===== DATA EXCERPT
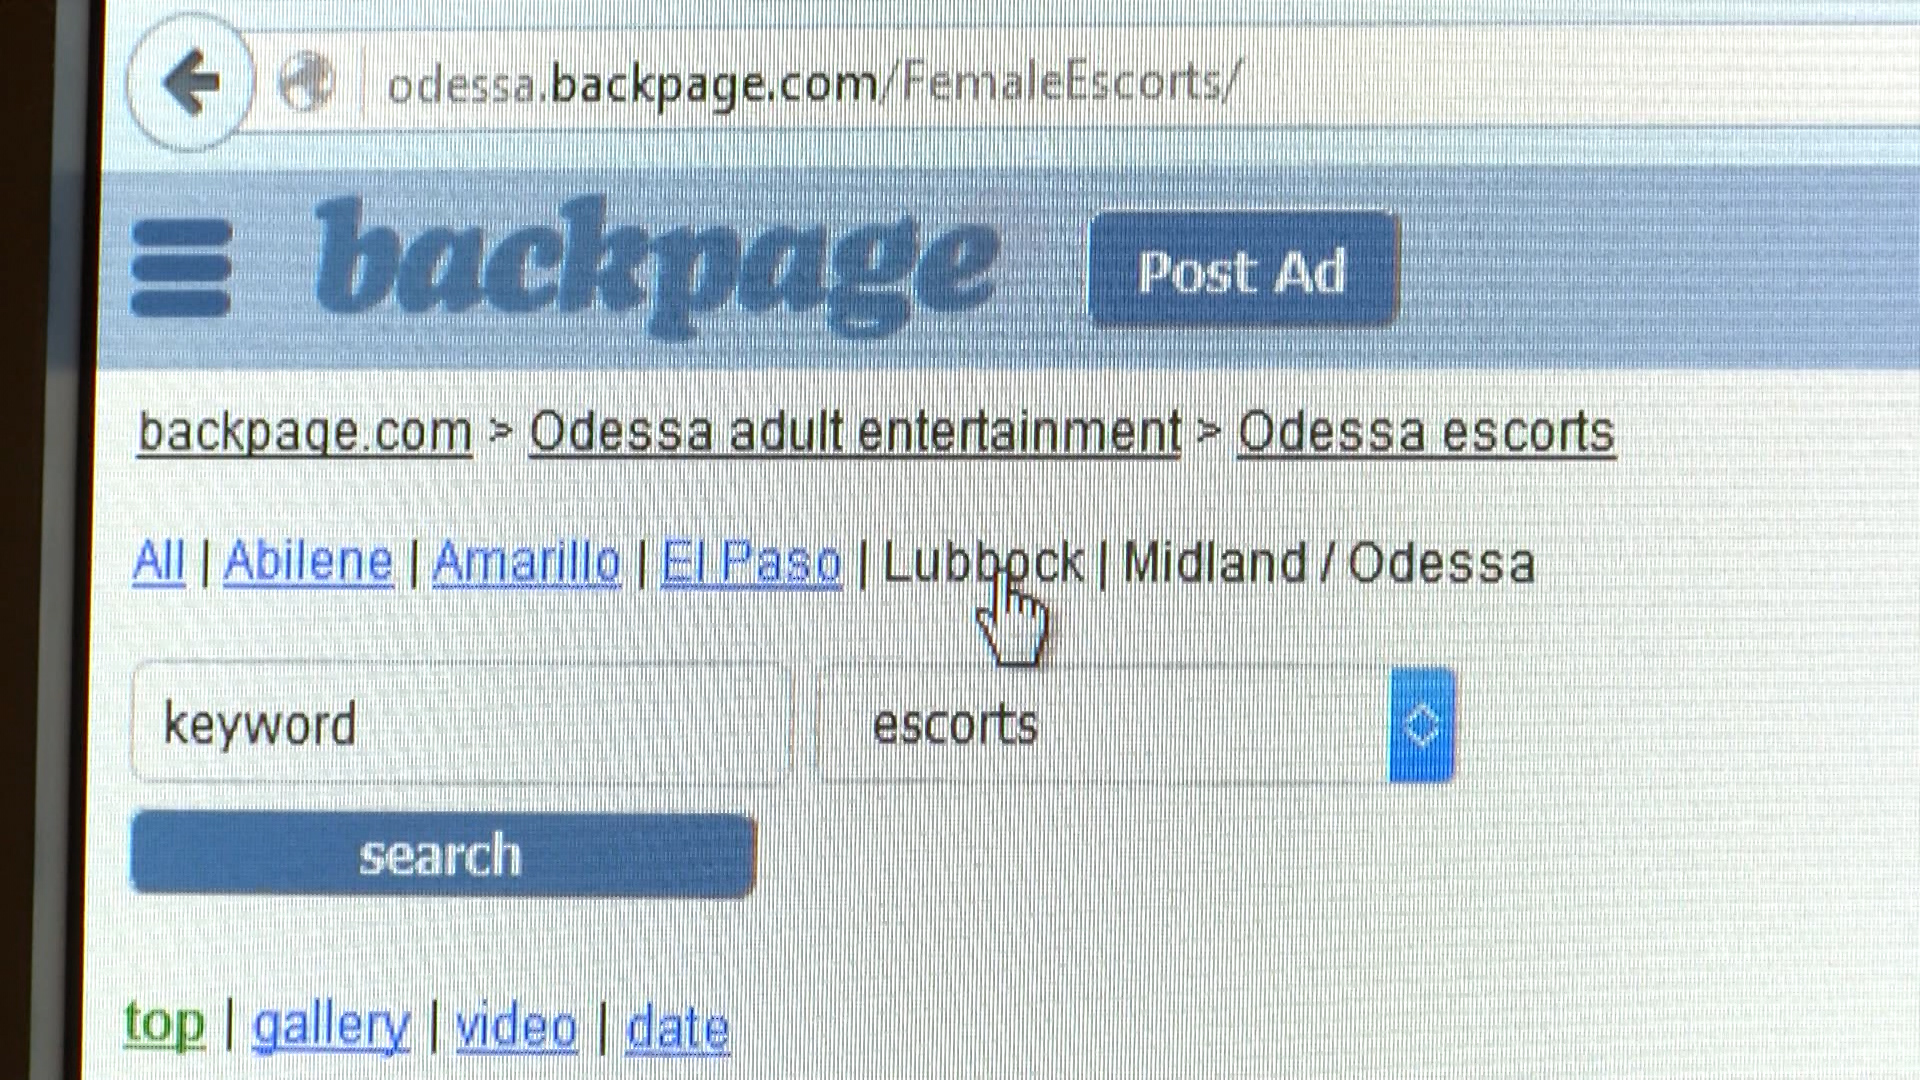 bart horton recommends Www Backpage Com Odessa
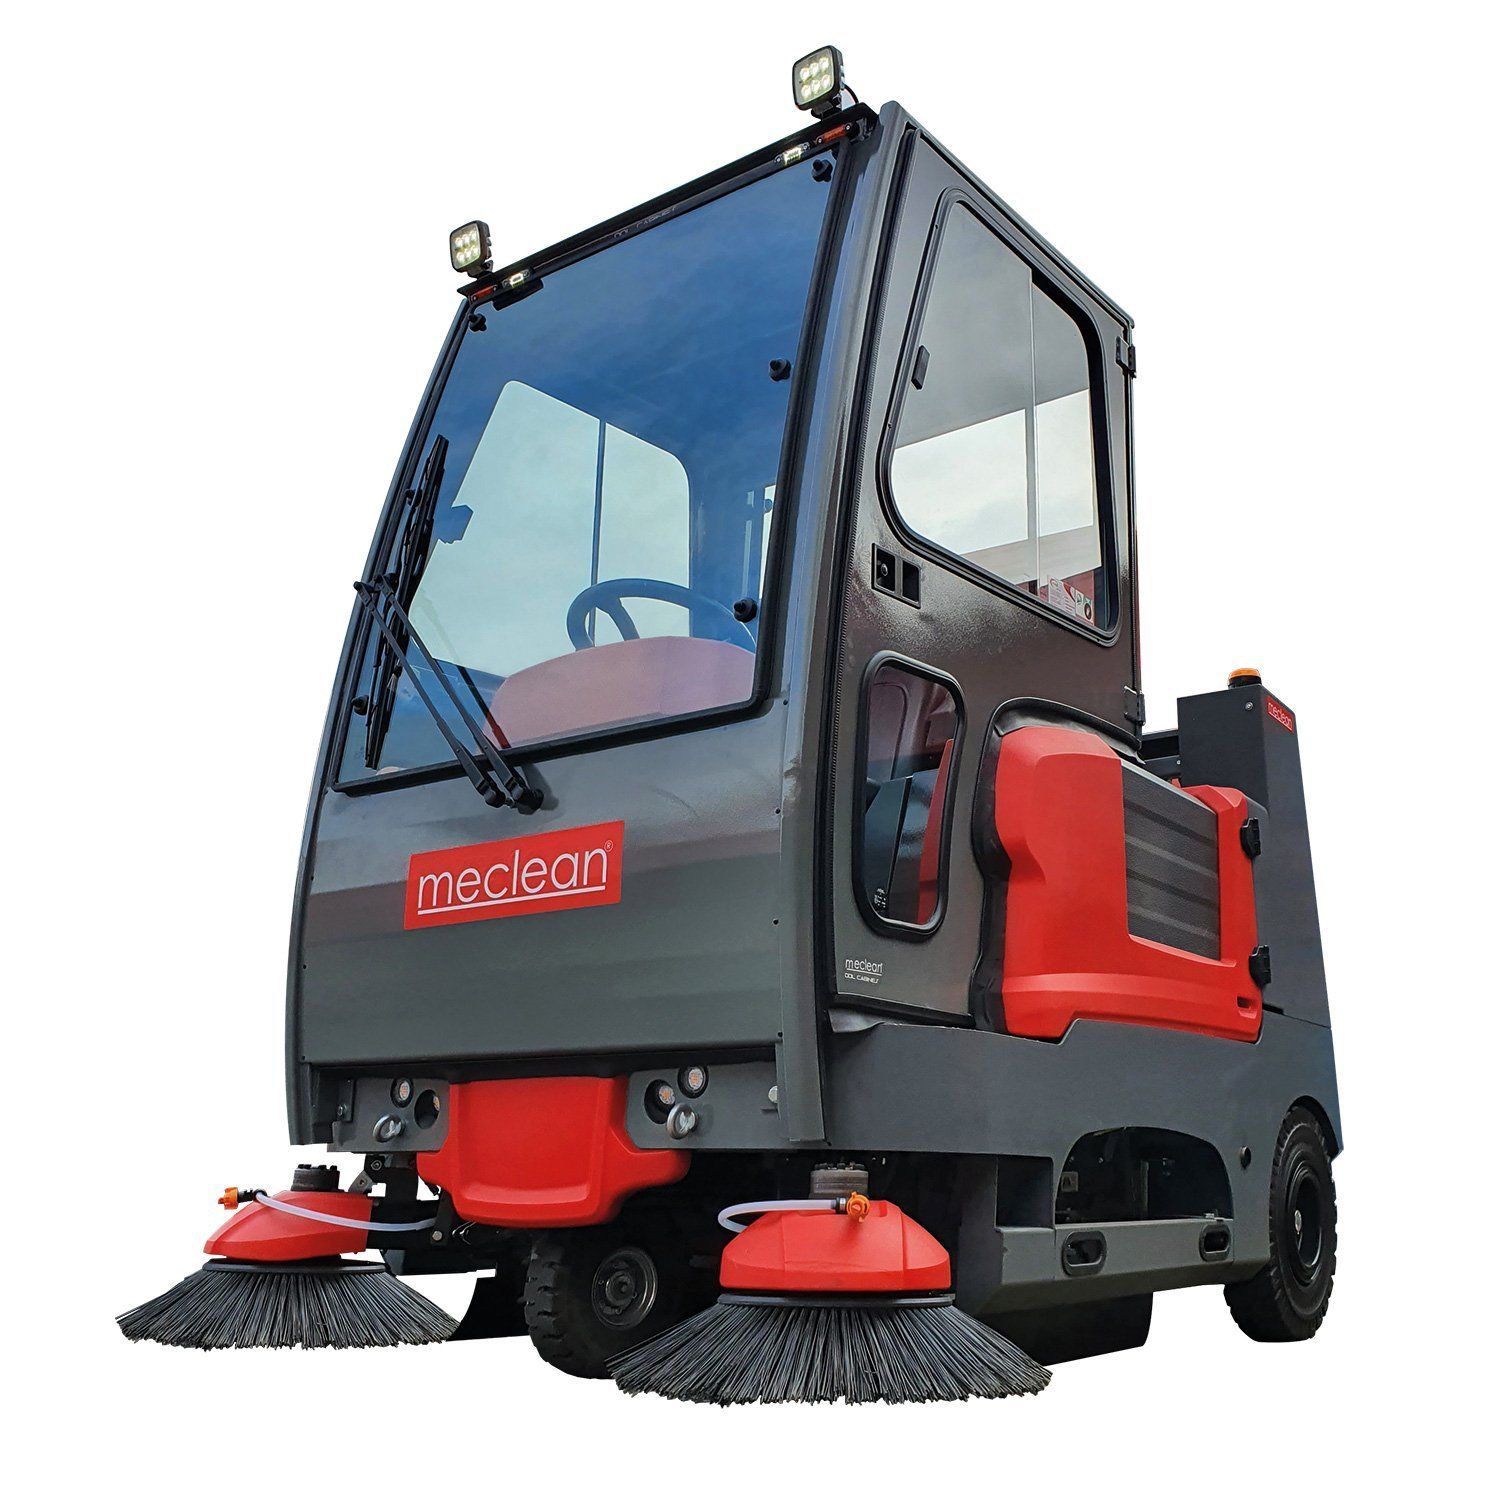 Meclean professional industrial ride-on sweeper diesel powered BUSTER 1800 HB/G CAB
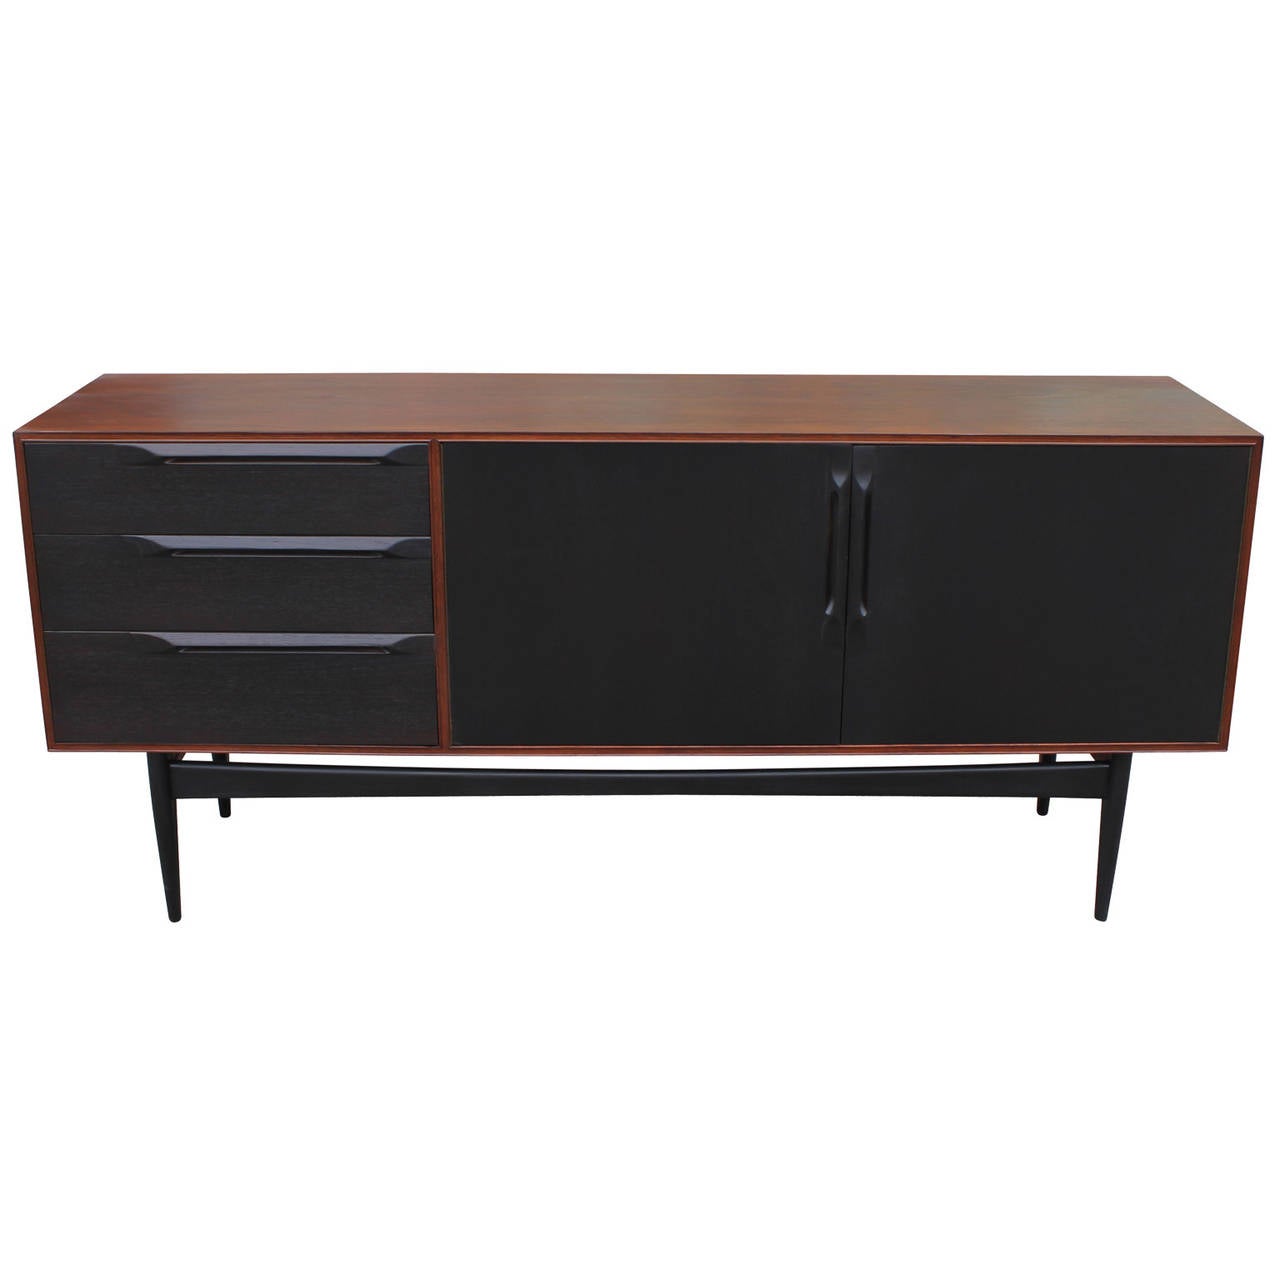 Sleek two tone sideboard with a walnut color shell and ebonized middle. Sideboard has been professionally restored. Beautiful piece.
==========
DESCRIPTION OF THE TASK:
Everything in the listing should be copied exactly, apart from the images it holds.

WORKED SOLUTION:
 bart horton recommends Www Backpage Com Odessa
 Meclean professional industrial ride-on sweeper diesel powered BUSTER 1800 HB/G CAB
 Sleek two tone sideboard with a walnut color shell and ebonized middle. Sideboard has been professionally restored. Beautiful piece.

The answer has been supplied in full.